Now, sensuality isn’t just an abstract concept—it’s something I live and breathe. It’s in the warmth of the sun on my skin and the ritual of sipping English Breakfast Tea with honey and oat milk in the morning. And when life happens and I feel burnout or anxiousness creeping back in, it’s my pathway home again.
So, on that note, I’ve made you a recipe for the senses. After living on a houseboat for a year with no oven or appliances—only a gas hob—the first thing I did when I moved into my new home with an oven was roast a chicken and make a broth from the bones. I’ve been using it for everything, but I thought it would be the perfect liquid (along with extra garlic and rosemary) to poach some colourful beets in for a few hours.
The poached beets, paired with a zesty sumac tahini dressing, some toasted candied almonds, and topped with lashings of good olive oil and rose petals just felt right for me this week. This is really a side dish to have with a roast chook and a garden salad but can be very happily eaten on it’s own. I hope you enjoy!

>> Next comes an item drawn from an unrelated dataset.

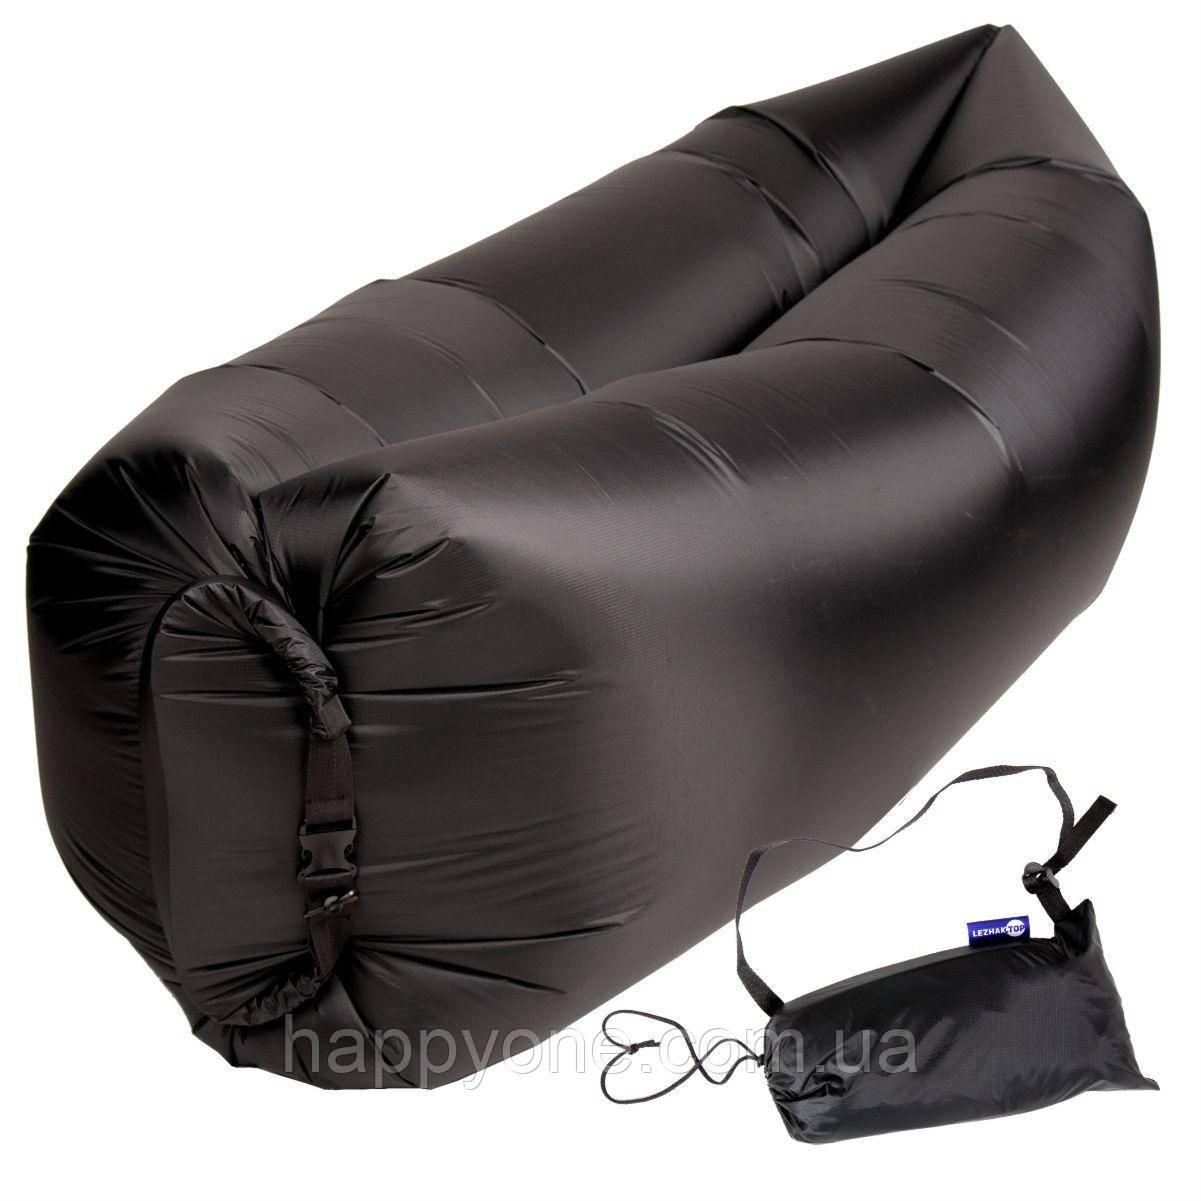 Бескамерный надувной шезлонг-лежак RipStop 2.0 (черный)

Beetroot, Sumac Grapefruit Tahini Yogurt & Smoky Candied Almonds
Ingredients:
Serves 2
To poach the beets:
500g baby beetroots (a variety of colors, if possible)
1L chicken stock
1 head of garlic, sliced in half crosswise
A few springs of rosemary
For the tahini sauce:
200g thick greek yogurt
1 tbsp tahini
½ grapefruit, juiced
1 tsp sumac
For the candied almonds:
½ cup slivered or flaked almonds
1 tbsp honey
2 tbsp butter or olive oil
½ tsp smoked paprika
Pinch of sea salt
To garnish:
Edible rose petals
Extra sumac
Flaky salt
Honey
Method:
Poach the beets: In a pot, combine the whole beets - skin on, chicken stock rosemary and garlic. Bring to a simmer over low heat and cook for 1-2 hours or until the beets are tender when pierced with a knife. The beets will bleed their rich, earthy color into the broth, creating a deep, fragrant infusion. Remove from the liquid, let cool slightly, then peel—their skins should slip off like silk—before slicing into wedges.
Make the tahini yogurt: In a bowl, whisk together the yogurt, tahini, grapefruit juice and sumac. Season with salt to taste.
Prepare the candied almonds: In a small pan over medium heat, melt the butter or a good glug of olive oil, then toast the almonds until golden, add smoked paprika, honey and salt until you reach the perfect dark golden caramelised colour. About 3 minutes.
Assemble the dish: Spread the tahini yogurt on a plate. Arrange the poached beet wedges on top. Drizzle with the smoky honey oil or butter from the almond pan, scatter the candied almonds over the dish, then finish with flaky salt, edible rose petals and a little extra honey driz.